**Work item:**
A faithful copy of all the data is required; pictures should not be included.

---- Data provided

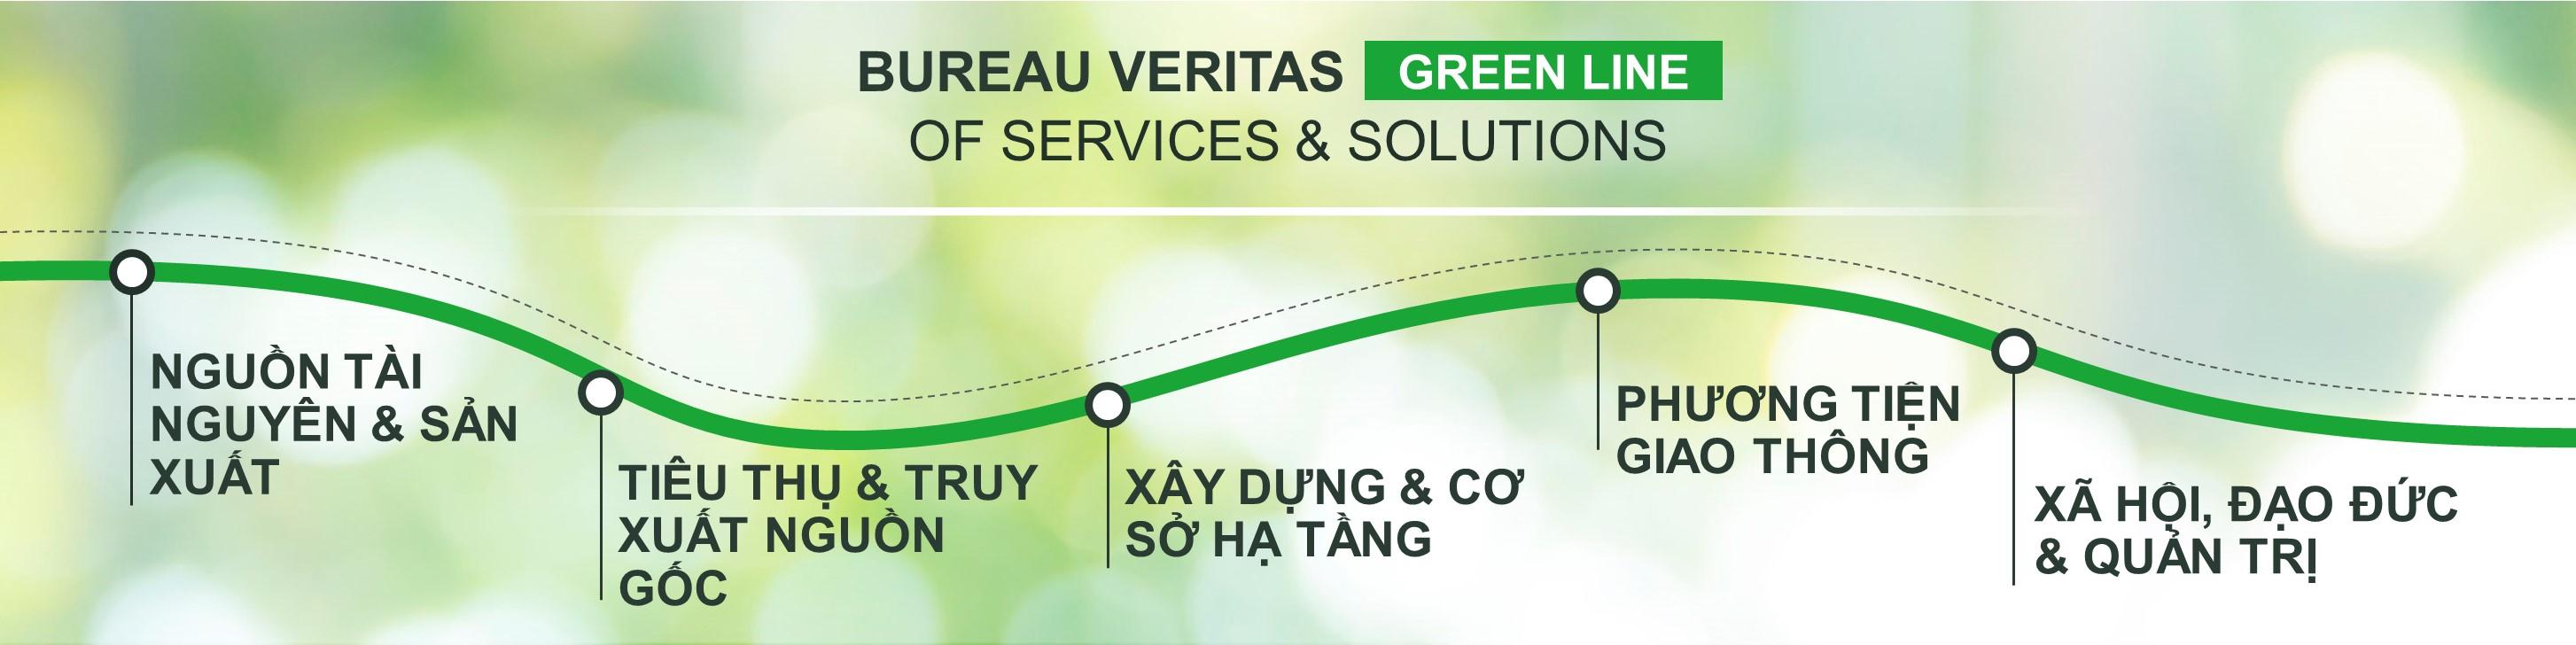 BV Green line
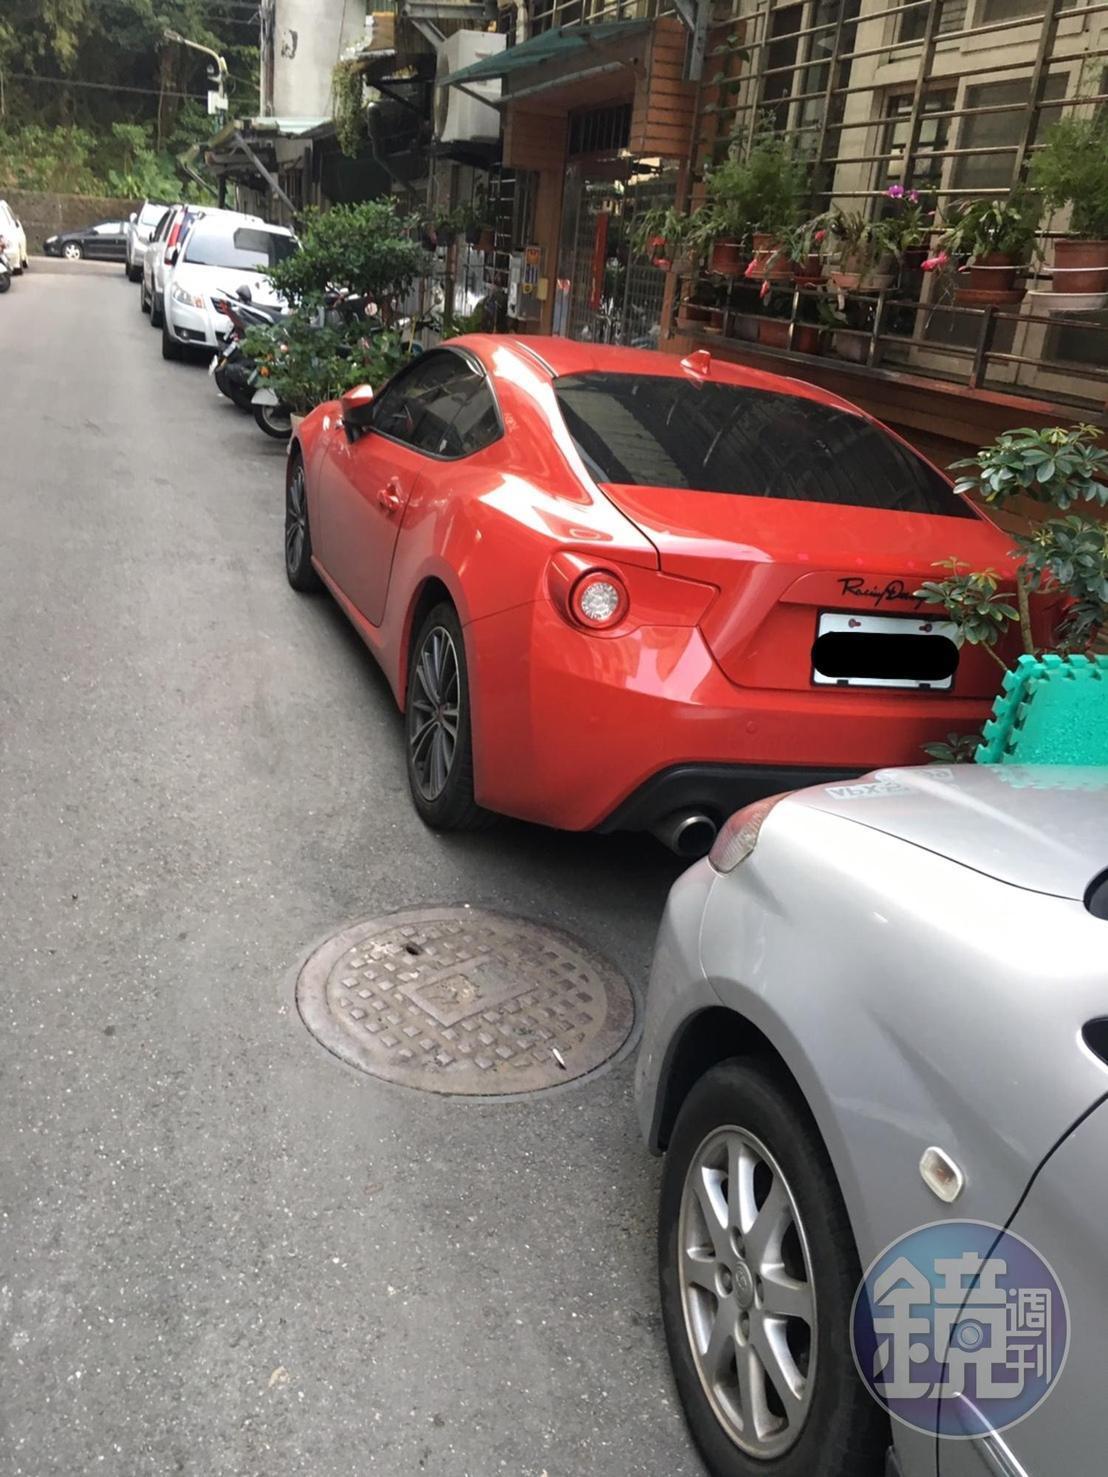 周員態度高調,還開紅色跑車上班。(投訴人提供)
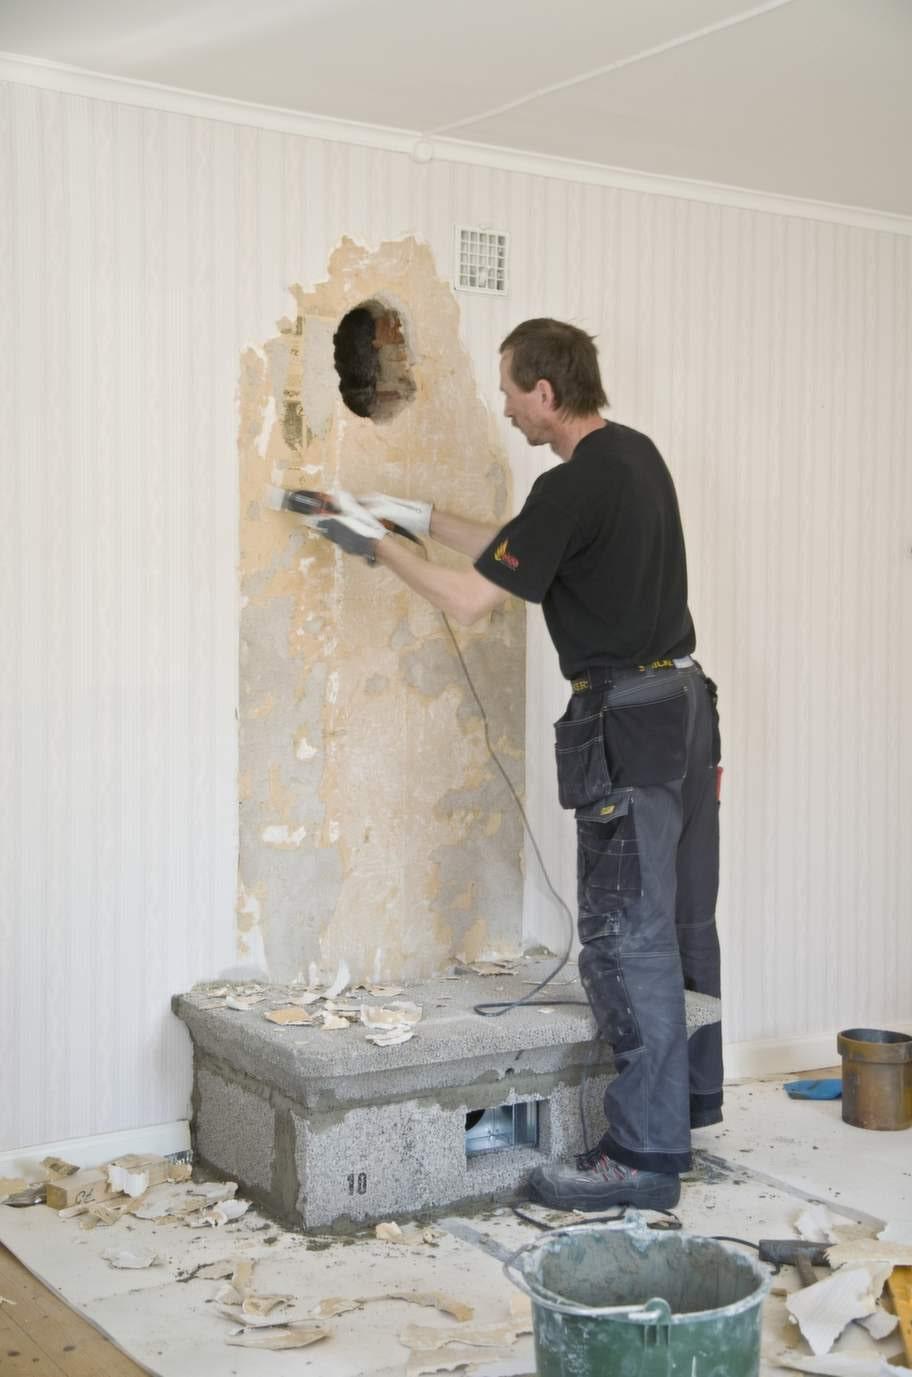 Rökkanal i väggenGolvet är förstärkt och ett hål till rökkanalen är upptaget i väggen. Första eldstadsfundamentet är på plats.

--------

**Response for this exercise:**
 BV Green line
 周員態度高調,還開紅色跑車上班。(投訴人提供)
 Rökkanal i väggenGolvet är förstärkt och ett hål till rökkanalen är upptaget i väggen. Första eldstadsfundamentet är på plats.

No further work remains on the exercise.